Accusations
There was once a brother in a monastery who had a rather turbulent temperament: he often became angry. So, he said to himself, “I will go and live on my own. If I have nothing to do with anyone else, I will live in peace and my passions will be soothed.” Off he went to live in solitude in a cave. One day when he had filled his jug with water, he put it on the ground and it tipped over. So he picked it up and filled it again - and again it tipped over. He filled it a third time, put it down, and over it went again. He was furious: he grabbed the jug and smashed it.
And then came to his senses and realized he had been tricked by the devil. He said, “Since I have been defeated, even in solitude, I’d better go back to the monastery. Conflict is to be met everywhere, but so is patience and so is the help of God.” So he got up and went back to where he came from.”
- Anonymous saying of the desert fathers from “Where God Happens" by Rowan Williams, 2005
Well, my preaching friend, can you relate? Can you relate to being convinced that if something out there, someone out there, some job, some church, some relationship, maybe even some slice of cake would just present itself to you, then, then, then all of it really would be well? Reading a story from centuries ago describe that feeling, at least assures us of the shared internal experience.

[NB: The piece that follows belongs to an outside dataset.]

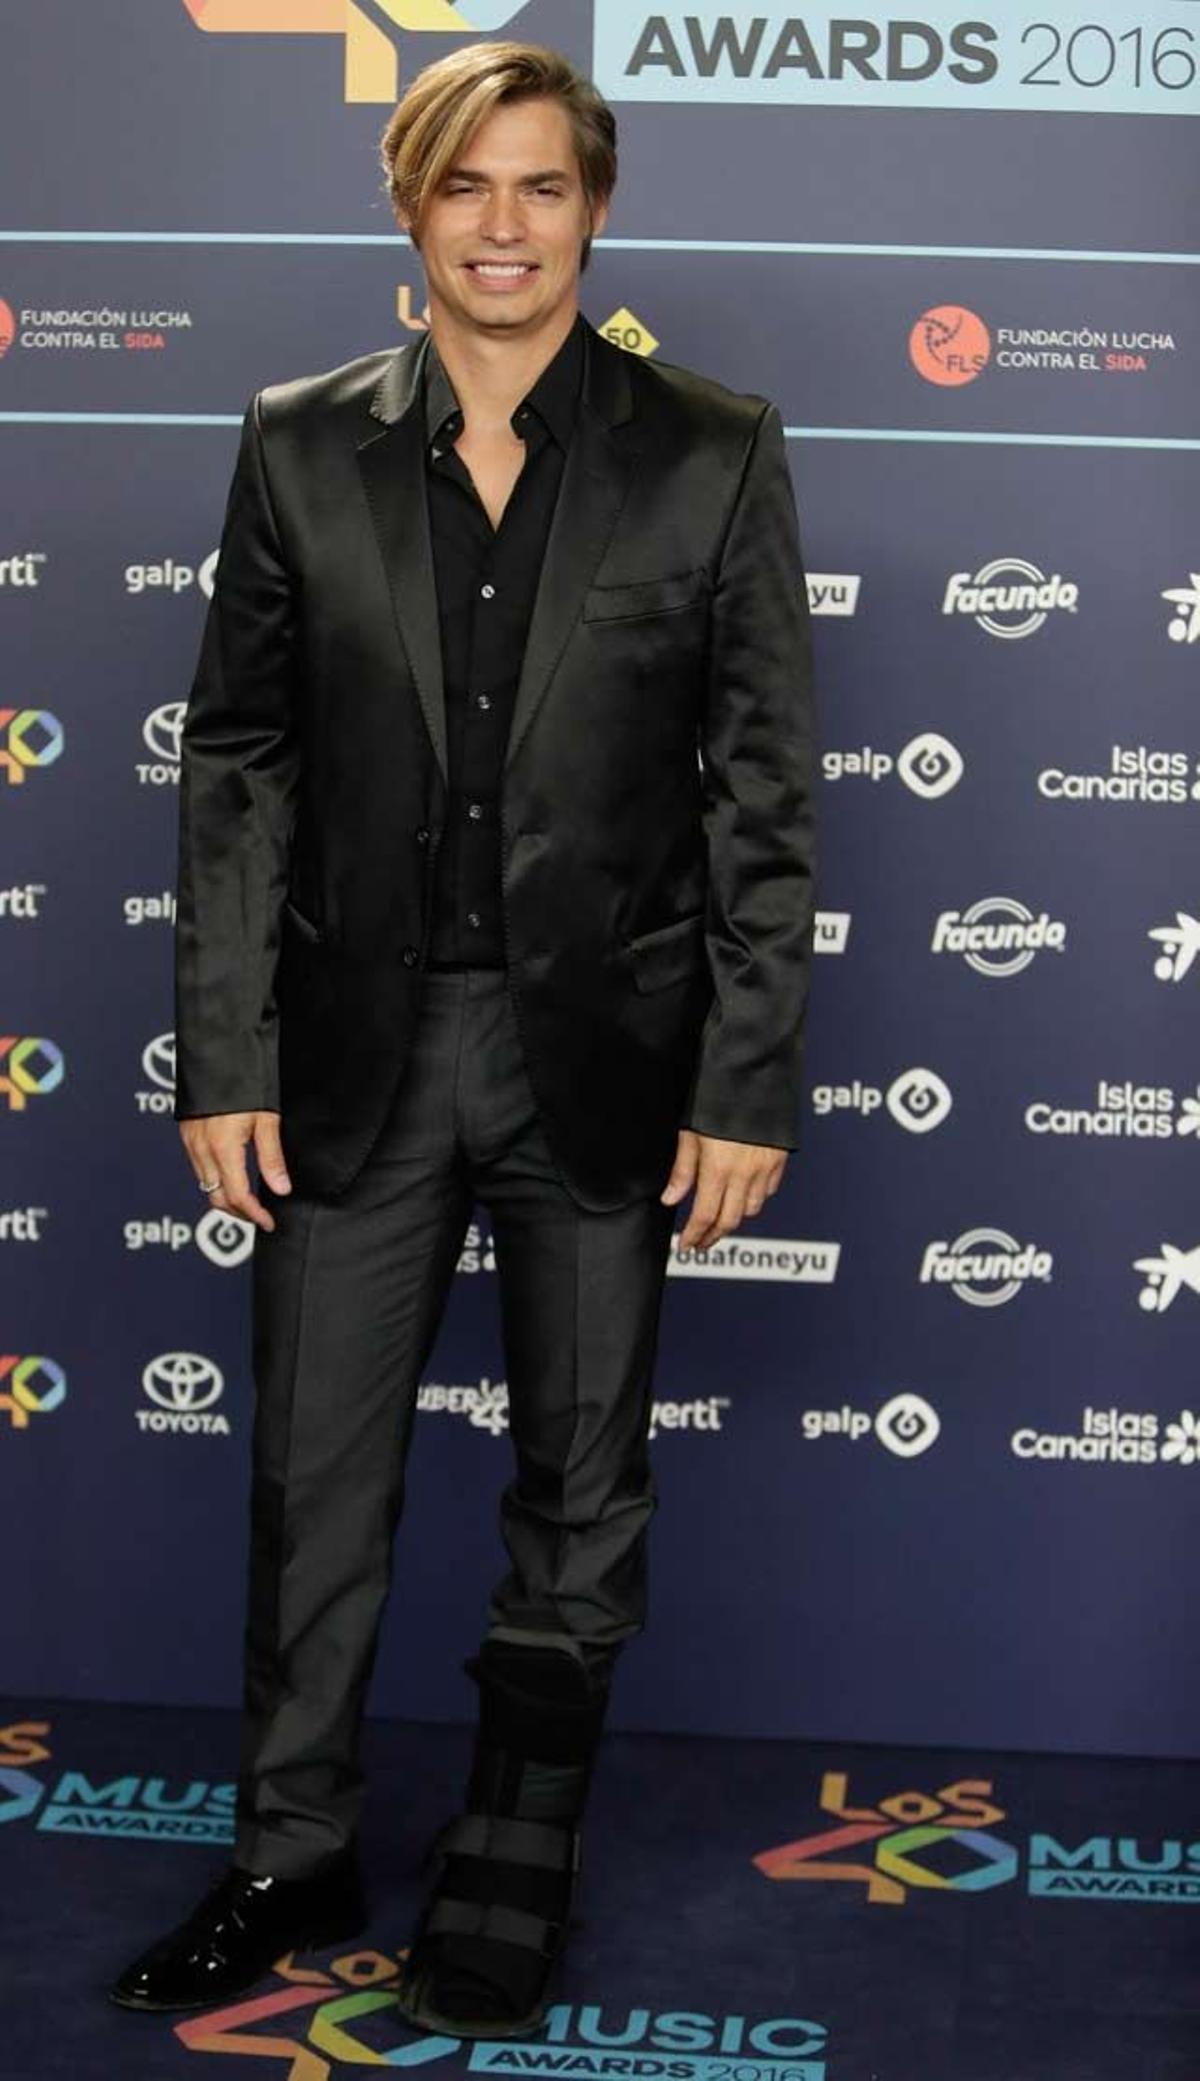 Carlos Baute y su sonrisa en la cena de los 40 Music Awards

So I’ll bet Jesus felt it too during that retreat in the desert.
Forty days. A number to connect his wilderness experience with those who have gone before - and - to be sure we understand, he was out there far longer than most of us could bear.
Forty minutes, forty hours, forty days, forty years, etc. the noonday demon, akedia, which the desert fathers and mothers knew so well isn’t concerned with the literal amount of time. That tempter tempts us whenever we start looking outside ourselves for the answers, or the solutions, to our challenges and problems.

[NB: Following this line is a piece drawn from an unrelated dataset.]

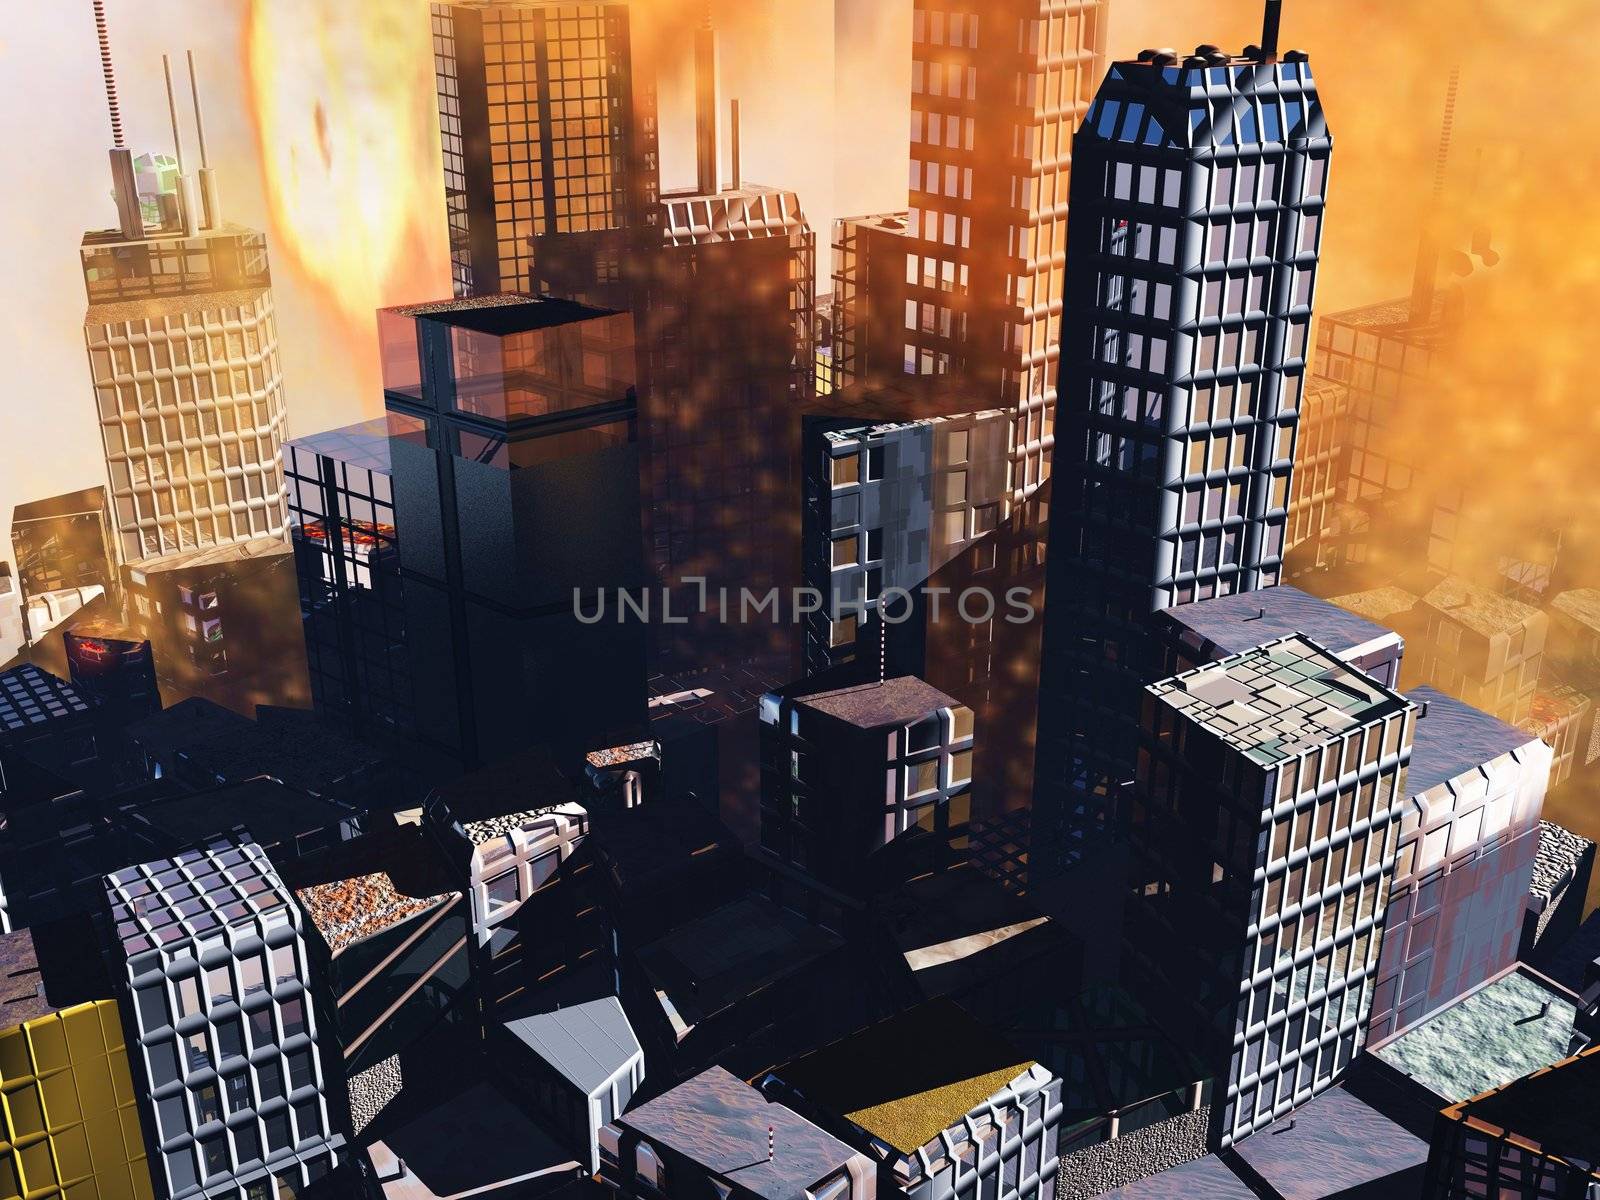 Armageddon scene in city by andromeda13

“We are easily persuaded,” Williams writes, “that the problem of growing up in the life of the spirit can be located outside ourselves.”
Jesus’ temptations are not our temptations. But, this problem of our easy persuasion tempts us all the time. For me, it is one entry into preaching this all too familiar, and, slightly outlandish gospel text. Satan is the “tempter” and the “accuser.” He tempts Jesus to look outside of himself, to get busy doing something for the benefit of others and his own power. He accuses Jesus of not being who he claims to be with his conditional clauses meant to test his faith in himself and trust in God.
Earlier this week I attended a larger, city church for a conference. The staff had decorated the space for Mardi Gras/Shrove Tuesday festivities. It looked great and I thought, “Oh, if only I had a staff.”
Later that night at, back at my church at our Shrove Tuesday festivities, a parishioner told me about the jazz Eucharist they attended at a different church the week before. “It was great! It was packed!” he told me. “Oh,” I thought, “if only I had jazz band.”
And yes, my friend, of course in between my “if only” thoughts there were myriad of moments when I was filled with gratitude and love for my call and my congregation and our pancakes! Every day I have “if only” thoughts. Moments of envy, of comparative thinking tempting to rob me of deeper joy. And I’ll bet a stack of pancakes that you do too.
There are desert periods and moments for all of us, not just clergy. We avoid the restless worry that usually accompanies solitude. Our consuming culture tells us “if only” all day long. If only I had this, if only I did that, if only they did this, if only they did that. We want to rid ourselves, displace our anxieties, worries and concerns onto something or someone else. “None of us,” again writes Williams, “wants to start where we are.”
After he was baptized, Jesus started. He started where? No where. A desert, to be alone with himself and alone with God. He went into the proverbial room, shut the door and prayed. Akedia tempted him to put that ego he had emptied himself of, right back on (Phil 2:5-11). Jesus trusted in his belovedness, his God-given identity. And he rested and allowed himself to be cared for by the angels.
What about giving up our comparative, “if only” stinking-thinking for Lent? How about resting where we are currently planted, countering every, “if only” thought with seeking something or someone to behold with gratitude? Maybe letting go of tending to people all the time and allowing the angels in our midst periodically to care for us?
This is a season to draw closer to God. A season to simplify and surround ourselves with support for living wholeheartedly. Our anxieties and restlessness are clues. Times for us to dig in with our curiosity, to go deeper with our self-examination. There is value in wrestling with those internal accusations, they tend to point us towards the places we are afraid to go. Which is why the noonday demon tries to trick us and look elsewhere. But God is always right here. Right here, right now.